# Bang Bang Shrimp Recipe



## PBHEMP (May 11, 2006)

Does anyone have a recipe for Bang Bang Shrimp that is similar to what Bone Fish Grill serves?  Thanks


----------



## IcyMist (May 11, 2006)

*Is this what you are looking for?*

*BANG BANG SHRIMP - BONEFISH GRILL*

1/2 cup mayonnaise 
1/4 cup Thai Sweet Chili Sauce
a few drops of Sriracha Hot Chili Sauce

Mix the above to make the sauce.

1 pound of shelled and deveined shrimp
Dry cornstarch to cost the shrimp in

Deep fat fry the shrimp until lighty brown.

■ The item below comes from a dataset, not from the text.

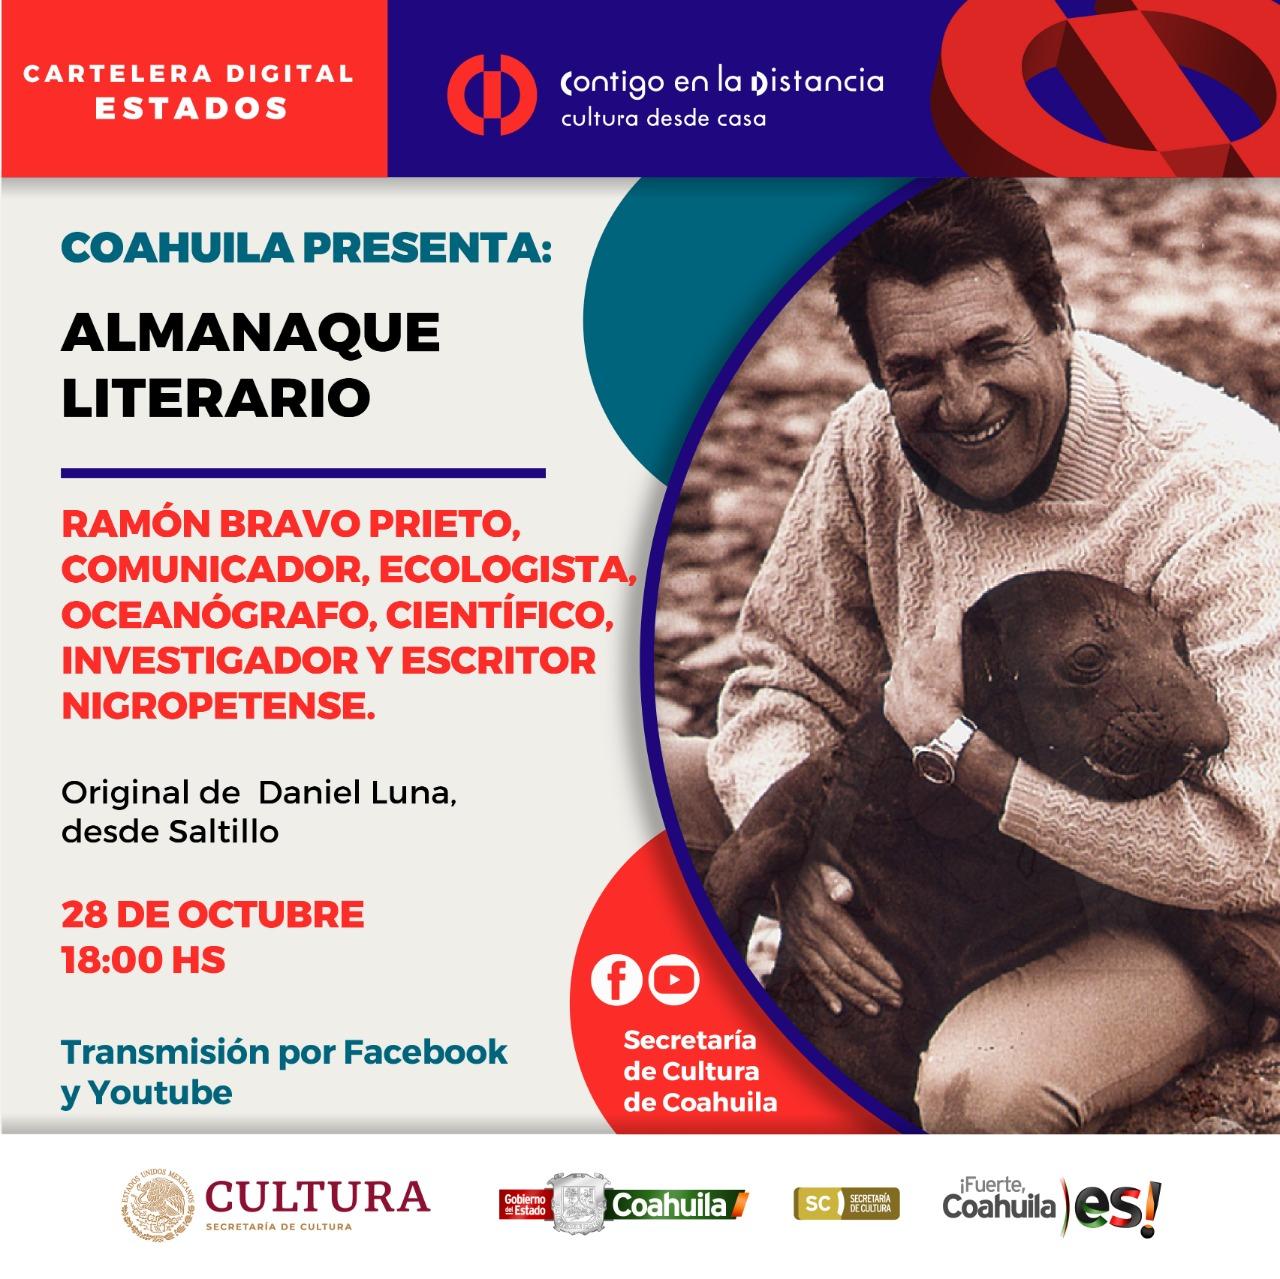 COAHUILA PRESENTA: ALMANAQUE LITERARIO

Drain on paper towel, put in a bowl and coat with
the sauce. 

Serve in a lettuce lined bowl, top with 
chopped scallions. Enjoy!!!!!​


----------



## QSis (May 12, 2006)

That looks GREAT!  I think.

Can you describe the taste of the Thai Sweet Chili Sauce?  Does it taste like regular old chili sauce that you would use to make cocktail sauce?  Sorta?

Lee


----------



## IcyMist (May 12, 2006)

Me?  Ummm I just surfed and found the recipe.  I have no clue what the dish tastes like.


----------



## PBHEMP (May 13, 2006)

Thanks for the recipe.  I am trying it this evening.


----------



## Corinne (May 13, 2006)

I've made this around 25 times in the past few months. Everyone just LOVES it! People can't ever get enough. It has the WOW factor! It's even good leftover - cold - should you be fortunate to have any left over. 

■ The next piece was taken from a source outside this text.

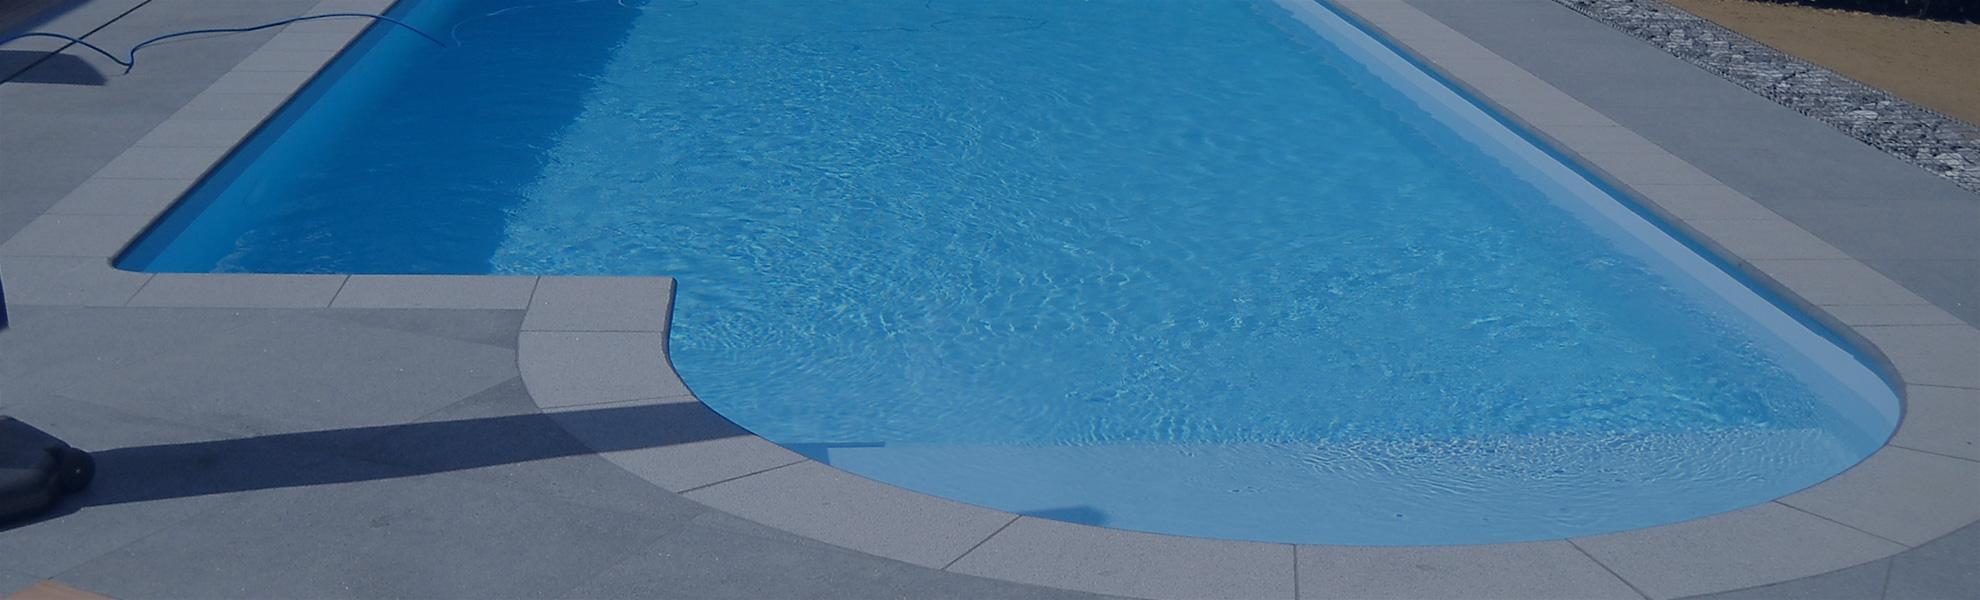 Construction et ralisation de piscine spa sauna hammam

The Thai sweet chili sauce is not like the chili sauce you find near the ketchup, etc. in the grocery store. It's sweet with a real nice kick to it! Don't try to substitute one for the other.


----------



## QSis (May 15, 2006)

PBHEMP,

What did you think?  I picked up the stuff to make the dish this week.

Lee


----------



## IcyMist (May 15, 2006)

Please let us know, as Corinne has now made me want to try the dish.    I am not a spicy eating person, but if it isn't too spicy? I could eat a little.


----------



## Corinne (May 15, 2006)

I say it's not too spicy. 

Go easy on the Sriracha Hot Chili Sauce if you are afraid of the heat. The mayo really mellows it out nicely. Taste the sauce before you toss it into the shrimp. 

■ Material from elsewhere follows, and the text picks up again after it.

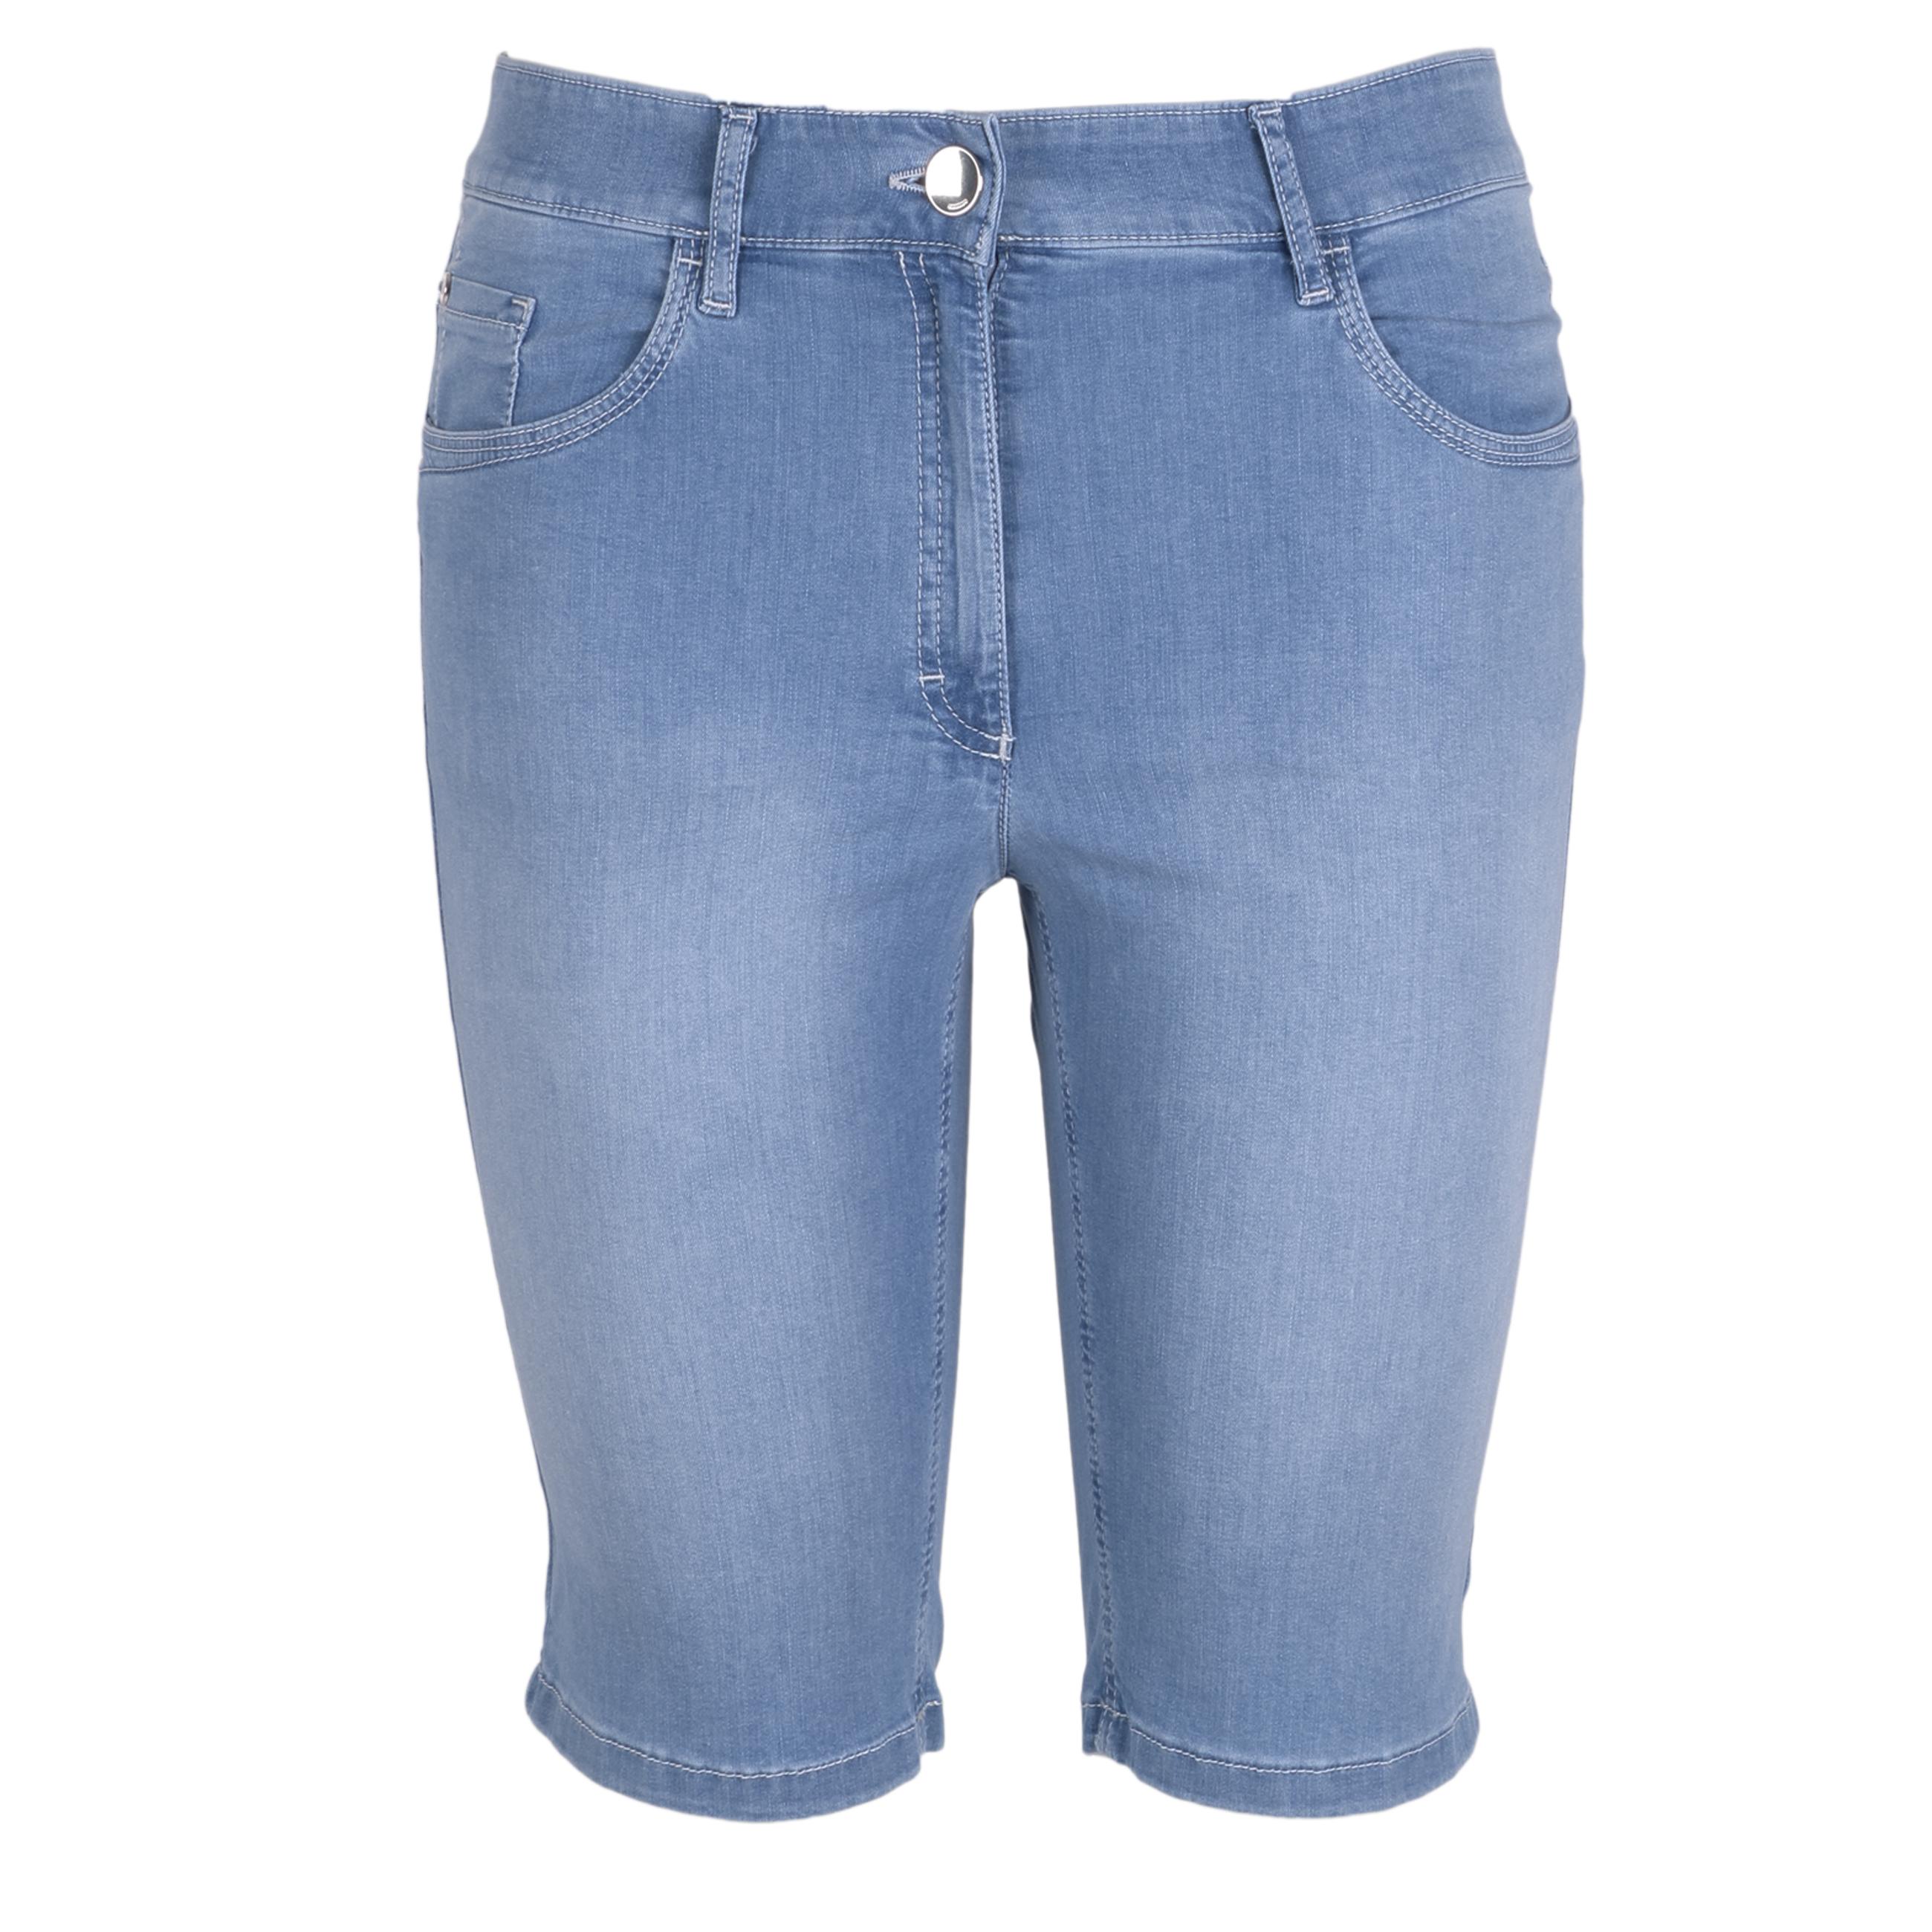 Zerres Damen Jeans Shorts Sarah 38

I made 5 pounds of Bang Bang Shrimp on Friday night for a church thing - it was the most popular item out of about a dozen things & no one complained about it being too spicy. The sausage & cream cheese stuffed Jalapenos, on the other hand... Them babies were especially hot & I don't know why.

I use 2 pounds of shrimp for the amount of sauce listed in the recipe above.


----------



## QSis (May 16, 2006)

*Are sriracha and sambal comparable?*

I have the latter and figure a few drops of that must be close enough.

Right?

Lee


----------



## Corinne (May 16, 2006)

I'm not sure what sambal is but I figure any hot sauce will do! Just taste it before you "dress" the shrimp. If you like the Bang Bang sauce as is, it will be that much better on the shrimp!


----------



## QSis (May 17, 2006)

LOVED it!! Absolutely loved it!

But then again, I am not a huge fan of shrimp, so all the flavors were wonderful for me.

My brother, who adores shrimp, said that the sauce masked the shrimpy flavor too much for him.  

I would definitely make it again, for myself, and to serve to others.

Good one!

Lee


----------